Gary Barber, like others who’d followed the legend, believed the hoard, stolen once from the Incas and once by them, to be worth hundreds of millions if not billions of dollars in today’s market.
The problem, of course, was that there exists no actual proof that these raids ever took place. Journal entries written at the time were sketchy at best and much of what was known came second- and often thirdhand.
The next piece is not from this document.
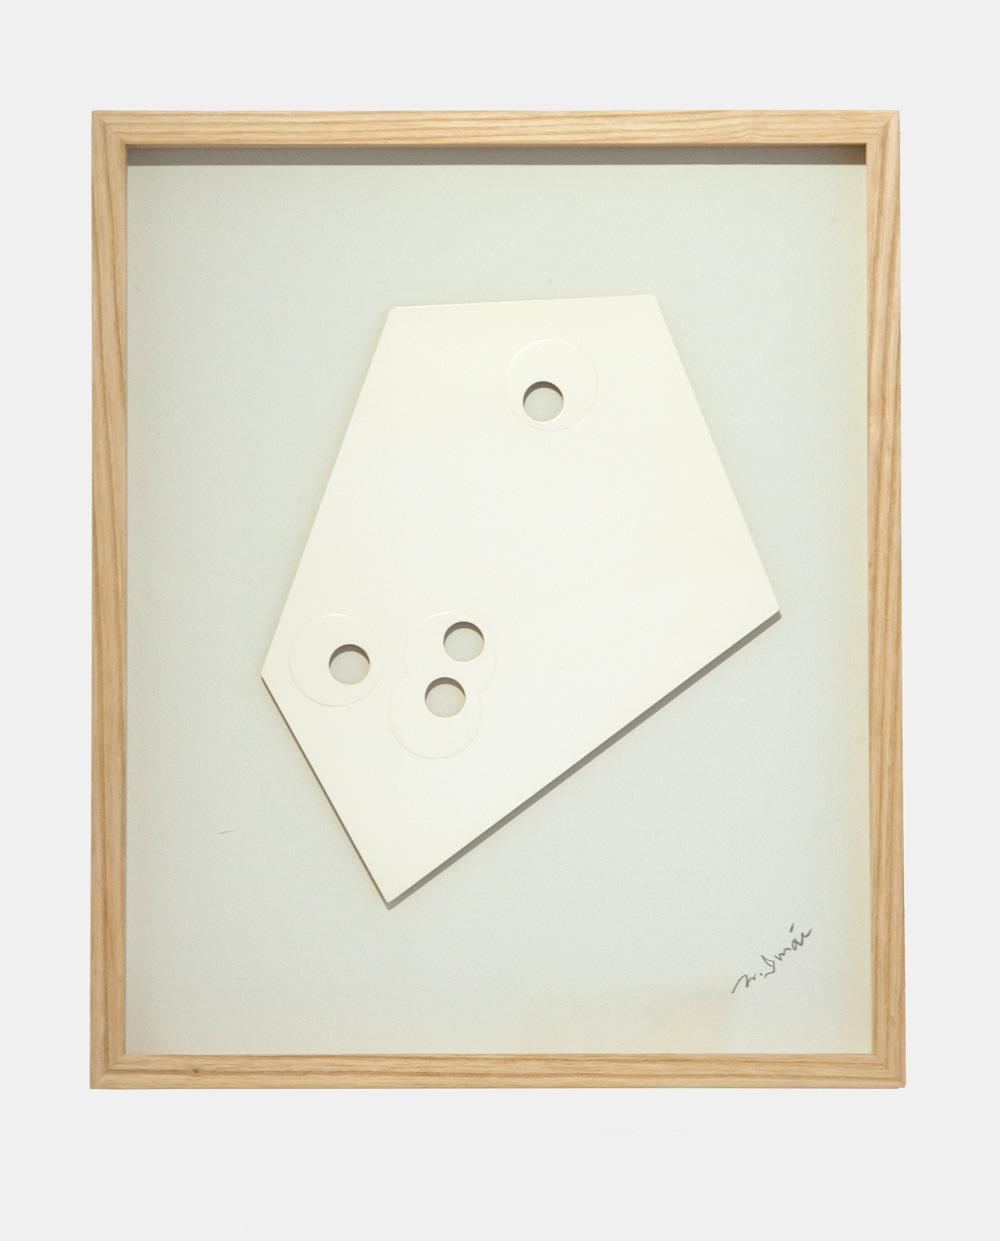 Norio Imai   White piece-A,  1966  emboss, punching, paper  44cm × 36.5cm × 3.3cm (frame)
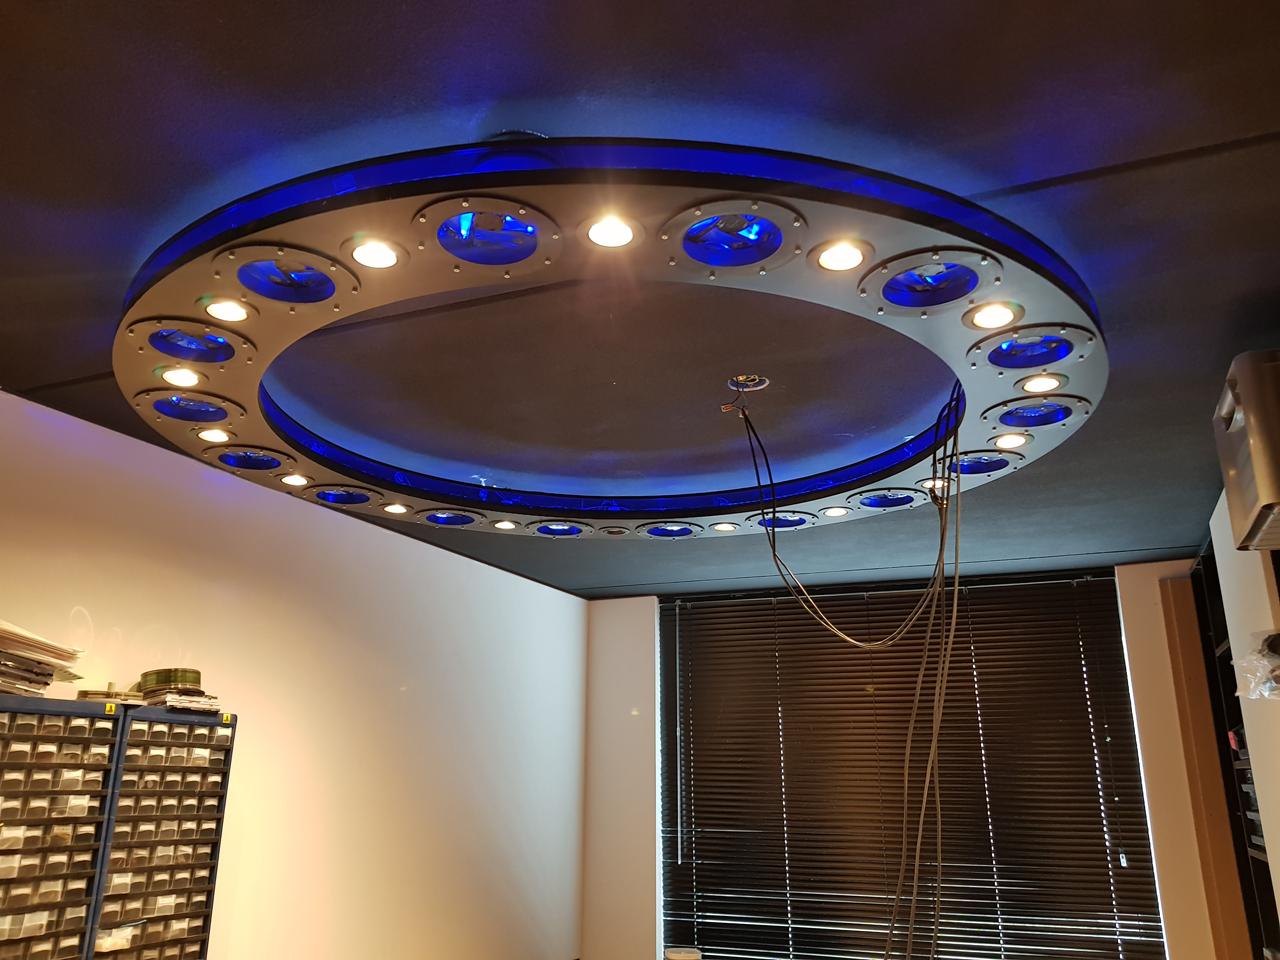 https://lumatronix.nl/FOK/Space_lamp1.jpg

Most scholars discounted the idea of a tribe of Incas living in the Panamanian jungle for two hundred years. They felt the tales were merely cover stories told by conquistadors who stole from their own mule trains to avoid turning over the loot to the Spanish crown. Because nothing of the Incas had ever been found, and certainly no trace of a fabulous treasure had ever turned up, they believed the legend likely grew from a single documented Cimaroon raid. This tale was then embellished to hide a systematic looting by the Spanish of their own royal caravans.